Flowchart of study participants from the TwinUK study. 1An eligible FFQ was classified if <10 food items were left blank and the ratio of estimated total energy intake to basal metabolic rate was inside 2 SD of the mean. FFQ Food Frequency Questionnaire, hs-CRP high-sensitivity C-reactive protein, LEP leg explosive power

Dietary intake

Participants completed a 131-item validated food frequency questionnaire (FFQ) [21]. Daily nutrient values were calculated using the UK National Nutrient Database [21, 22]. Adherence to MD was evaluated using the MD score (MDS) reported by Trichopoulou et al. [23]. Scoring was based on the intake of the following nine items: vegetables, legumes, fruit and nuts, dairy products, cereals, meat and meat products, fish, alcohol, and the ratio of monounsaturated and polyunsaturated/saturated fat (unsaturated/saturated fat).
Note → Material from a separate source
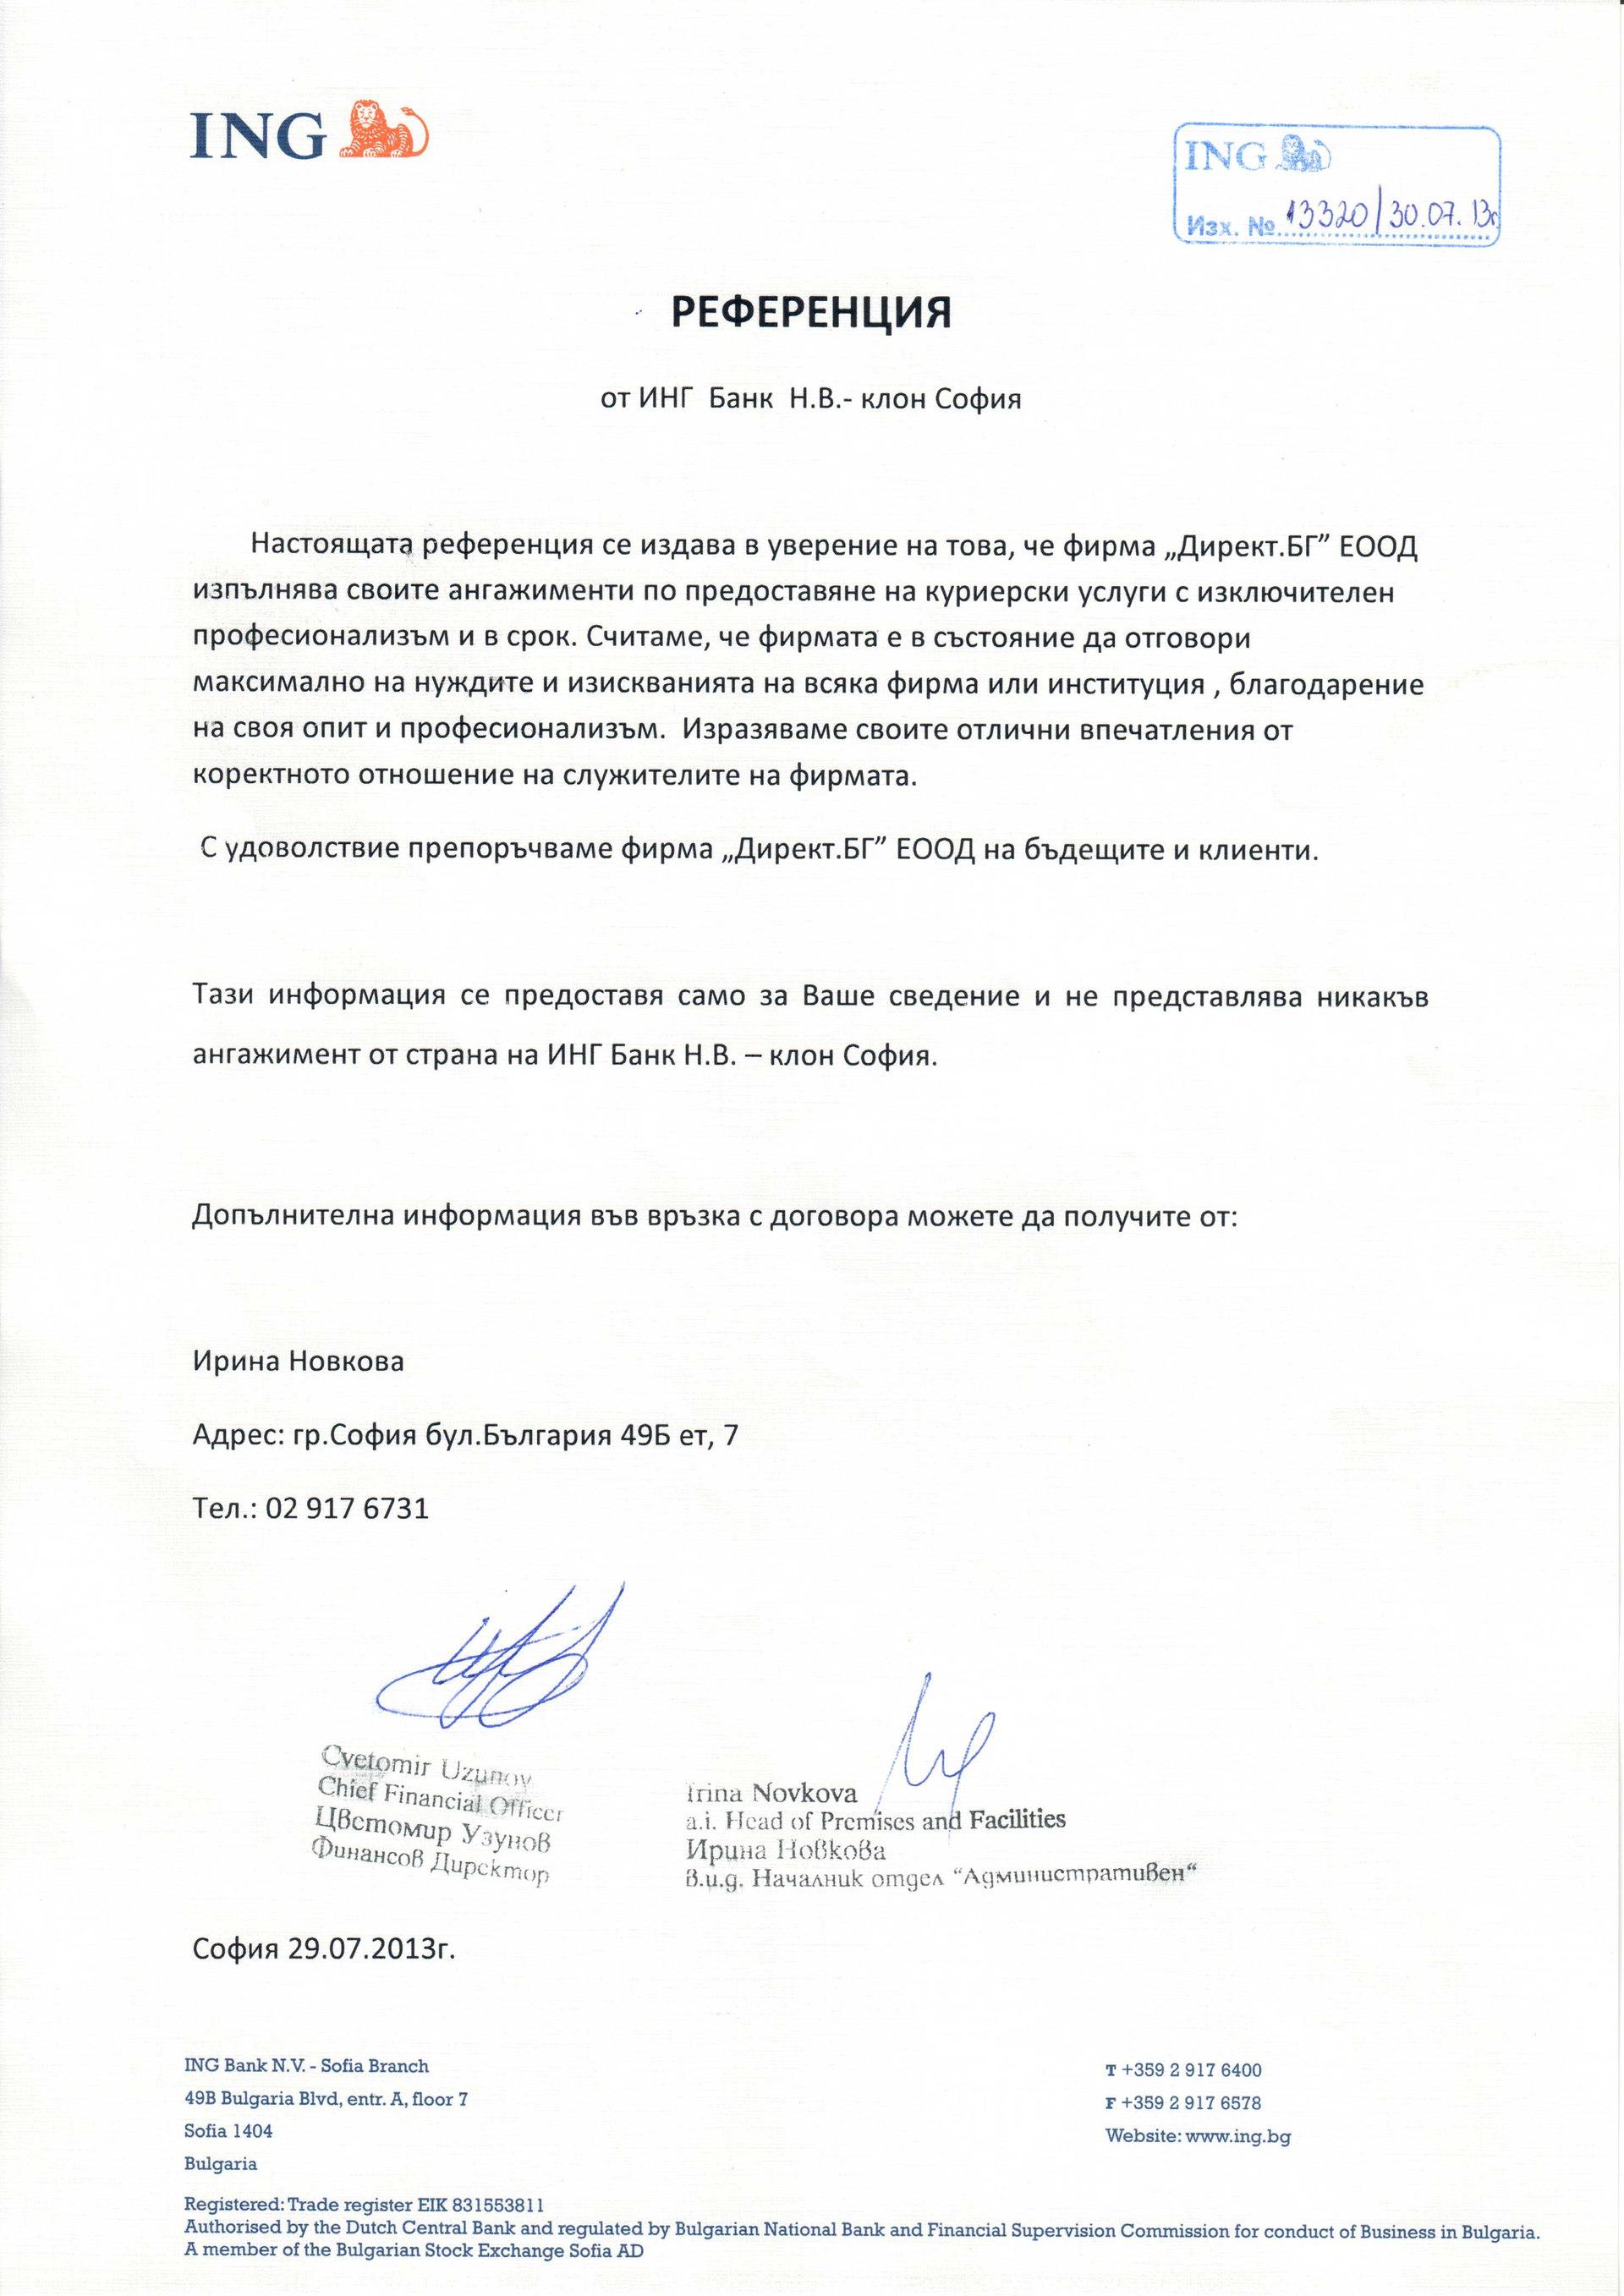 Референция от ИНГ Банк Н.Б.- клон София

For food items considered healthy, consumption above the study median received 1 point; all other intakes received 0 point. For dairy products, meat and meat products, consumption below the median received 1 point. For alcohol, women who consumed 5–25 g/day received 1 point; otherwise, the score was 0. The possible scores ranged between 0 and 9, the latter reflecting the maximal adherence. Individuals were excluded from the dietary analyses if answers to >10 food items were left blank or the ratio of estimated total energy intake to the estimated basal metabolic rate fell 2 SDs outside the mean ratio. The dietary intake data was estimated for the appropriate time period for the both approaches. Energy reporting quality (mis-reporting) was calculated using the ratio of reported energy intake (EI) to estimated energy expenditure (EER), the EI/EER ratio, expressed as the percentage of EI to EER, and was included as a covariate for adjustment in the statistical analyses [24].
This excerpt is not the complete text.